Banks slash interest rates

May 9th at 11:12
09-05-2016 11:12:43+07:00

Banks slash interest rates

Various banks have reduced their lending rates in response to the prime minister’s recent meeting with the business community.

Last week, the state-owned giant Vietcombank adjusted its rates for mid- to long-term loans to 10 per cent a year, down from 10.5 per cent. The bank also launched a VND300 billion ($13.4 million) loan package to support companies’ business expansion and credit quality. According to Vietcombank, this package was made possible thanks to the bank’s cuts in operational costs, strong risk management, and maximised efficiency.

BIDV, another primarily state-owned bank, has also slashed its short-term lending rates by 0.5 per cent for selected customers. Mid-to long-term loans for manufacturing and business purposes can now enjoy rates lower than 10 per cent a year, down from the previous 10-11 per cent. Vietinbank, Agribank, Saigon-Hanoi Bank and many others have since followed suit.

The decision came after Prime Minister Nguyen Xuan Phuc met with 300 firms in Ho Chi Minh City on April 29. At the meeting, the PM asked the State Bank of Vietnam (SBV) to maintain reasonable interest rates for manufacturing and business loans, keep foreign exchange rates under control, and closely assist the business community in Vietnam.

Representing businesses at the meeting, Vu Tien Loc, chairman of the Vietnamese Chamber of Commerce and Industry, expressed his concern about high lending rates. According to Loc, although businesses in Vietnam are still struggling – with 58 per cent reporting losses in 2015 – borrowing costs remain the highest in ASEAN.

“The current inflation rates are under 1 per cent, but firms can only borrow with an 8 per cent minimum interest rate, which is absurd and cumbersome. I suggest that the banking sector lower its lending rates by at least 1 to 2 per cent to support businesses,” Loc reported.

Tran Bac Ha, chairman of BIDV, replied at the meeting that reducing lending rates would hurt the bank’s annual revenue by approximately VND400 billion ($17.9 million), as depository rates are already standing at 6 to 7 per cent.

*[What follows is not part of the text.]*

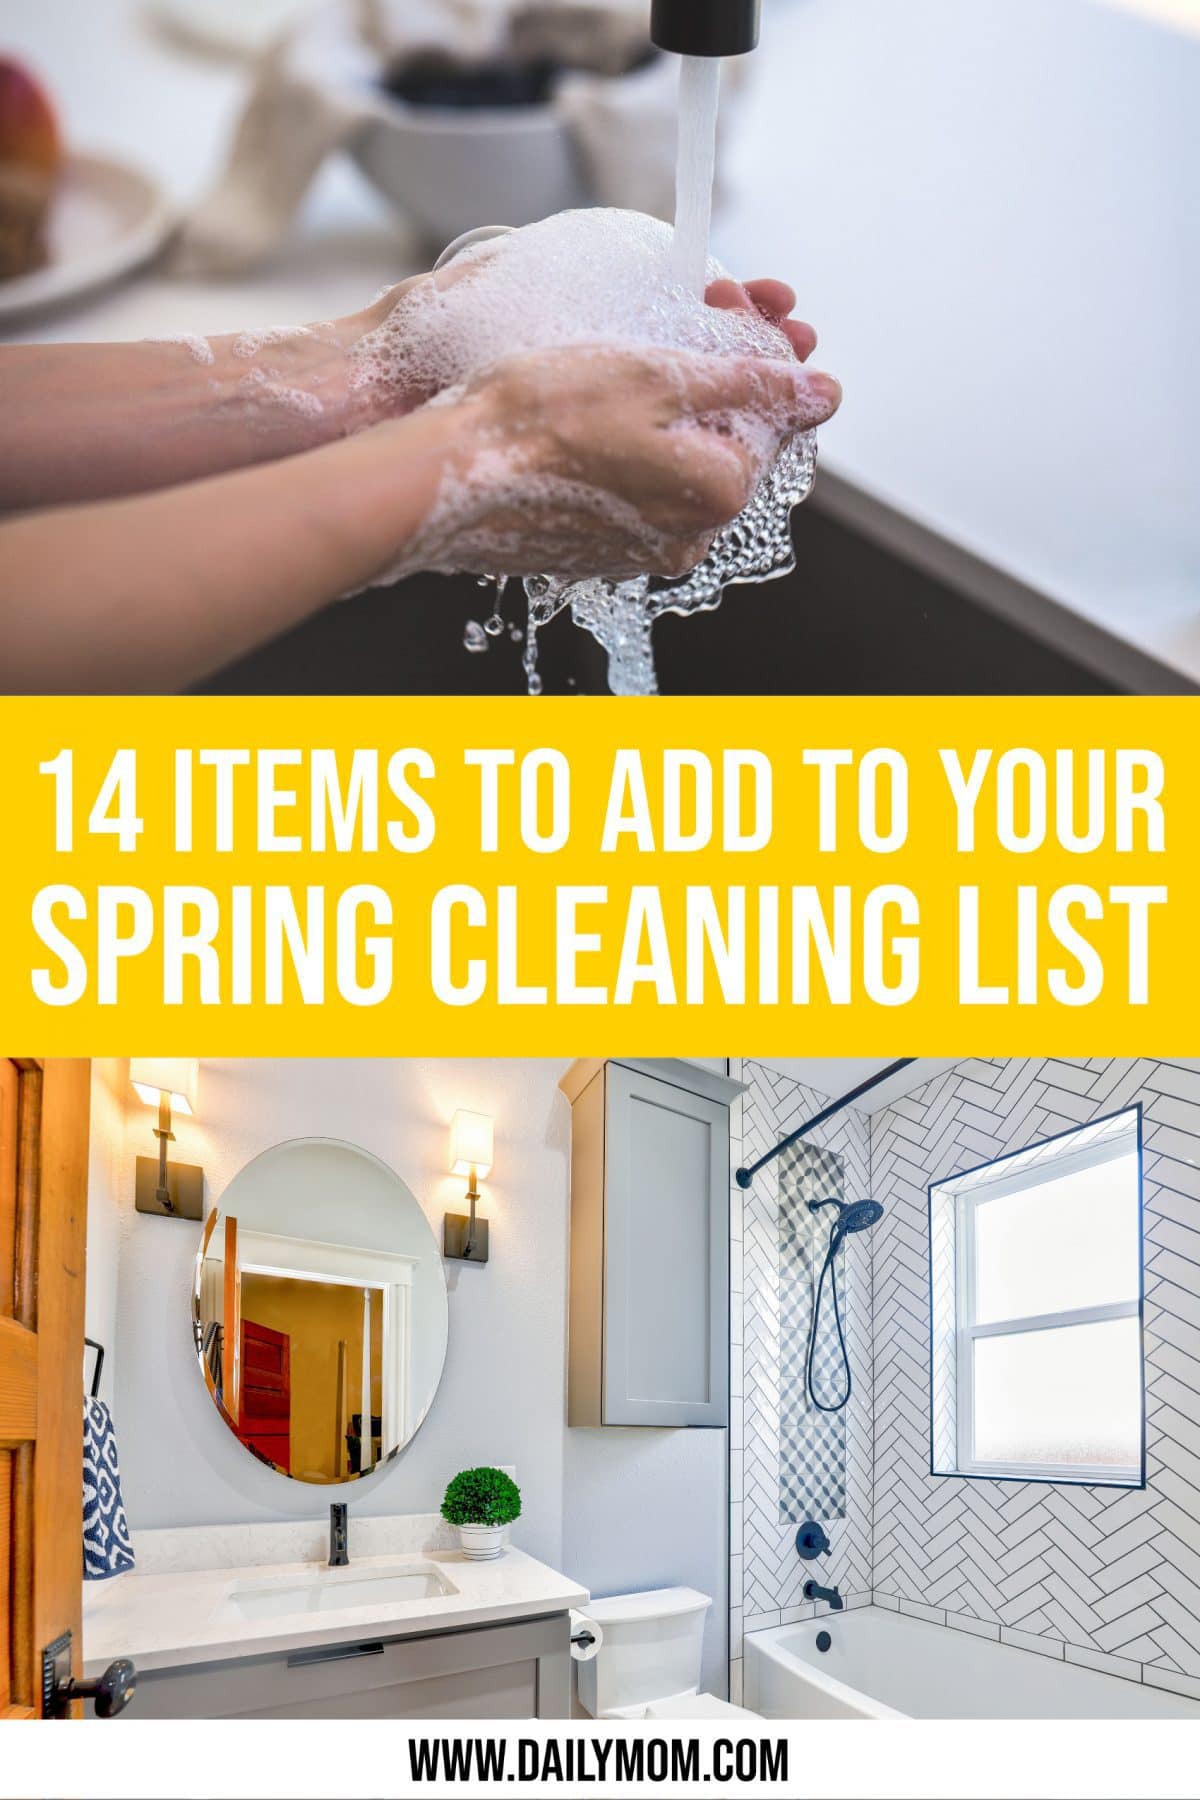 14 Items To Add To Your List For Spring Cleaning

However, Ha stressed that BIDV is willing to share the burden with firms, and proposed some necessary actions to cut lending rates.

“I believe that this goal requires a combined effort from all sides. Firstly, the SBV should lessen the cash reserve ratio and refinancing rates, so that banks have sufficient funds for lending and operating. Secondly, to reduce pressure on interest rates as a whole, the government should consider releasing fewer governmental bonds. Thirdly, the banks themselves should trim their operational costs to improve the net income margin,” said Ha.

SBV Governor Le Minh Hung noted that lending rates have already dropped by 60 per cent compared to 2011, when Vietnam experienced soaring inflation. However, Hung said, the central bank understands that the rates are still high for firms suffering in an unfavourable business climate, and so will work with financial institutions to maintain flexible monetary policies.

The SBV governor pointed out some obstacles that may prevent banks from further rate cuts. These include rising inflation rates, high depository rates, and foreign exchange pressures. The huge pile of non-performing debts is another long-standing problem that must be tackled as soon as possible.